2.3.2. In vergunningvoorschrift 1.2.3 is bepaald dat, kort weergegeven, vergunninghoudster eenmaal per drie jaar een milieujaarverslag dient op te stellen en aan het bevoegd gezag ter kennisneming dient te geven. In dit milieujaarverslag wordt de stand van zaken weergegeven met betrekking tot de uitvoering van maatregelen, onderzoeken en de resultaten daarvan, de registratie van de milieubelasting in het voorafgaande jaar alsmede de voorgenomen maatregelen en onderzoeken voor het komende jaar.

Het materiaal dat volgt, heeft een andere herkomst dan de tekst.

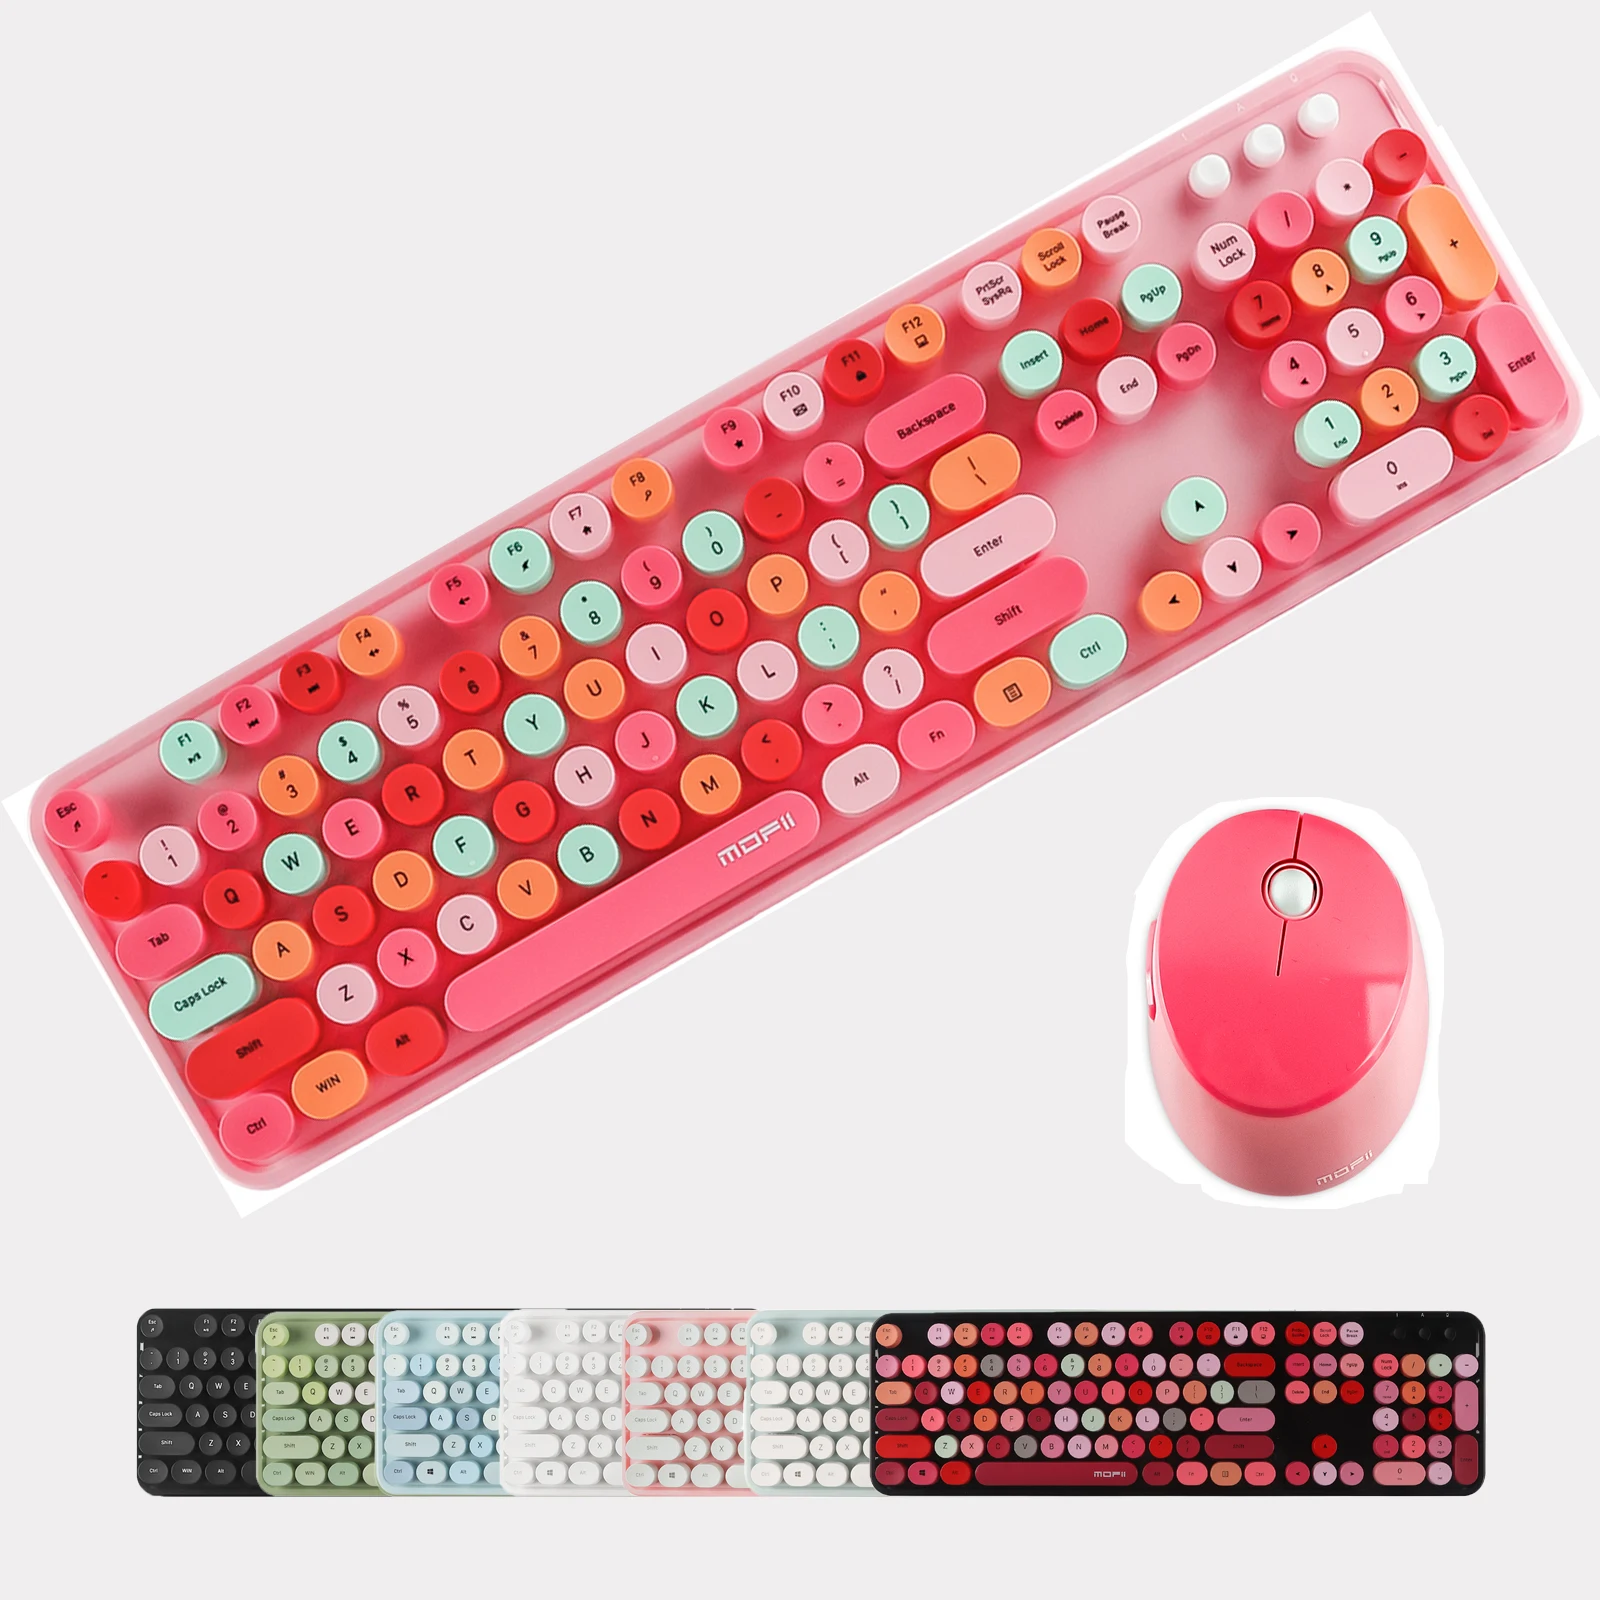 

Wireless 2.4Ghz Keyboard Mouse Combos Optical Mouse 104 Keys Keypad Pink Ergonomic Portable Keyboard And Mouse For Laptop PC

In het milieujaarverslag dienen in ieder geval rapportages van de ingevolge de vergunning uitgevoerde metingen, onderzoeken en inspecties te worden opgenomen, alsook – kort samengevat - de afvalstoffenregistratie en een overzicht van klachten en ongewone voorvallen.
2.3.3. Verweerder heeft ter zitting verklaard dat niet is bedoeld andere zaken te doen registreren dan al uit de andere in de vergunning opgenomen voorschriften voortvloeit. De Afdeling is van oordeel dat dit niet duidelijk blijkt uit het bedoelde vergunningvoorschrift 1.2.3. Nu verweerder kennelijk heeft beoogd iets anders voor te schrijven dan kan worden afgeleid uit vergunningvoorschrift 1.2.3, is het bestreden besluit op dit punt in strijd met het beginsel dat een besluit zorgvuldig dient te worden genomen. Gelet hierop treft deze beroepsgrond doel en komt het bestreden besluit op dit punt voor vernietiging in aanmerking.
2.4. Appellante stelt dat niet duidelijk is welke verplichtingen uit vergunningvoorschrift 1.6.2 voortvloeien, zodat het voorschrift in strijd is met de rechtszekerheid.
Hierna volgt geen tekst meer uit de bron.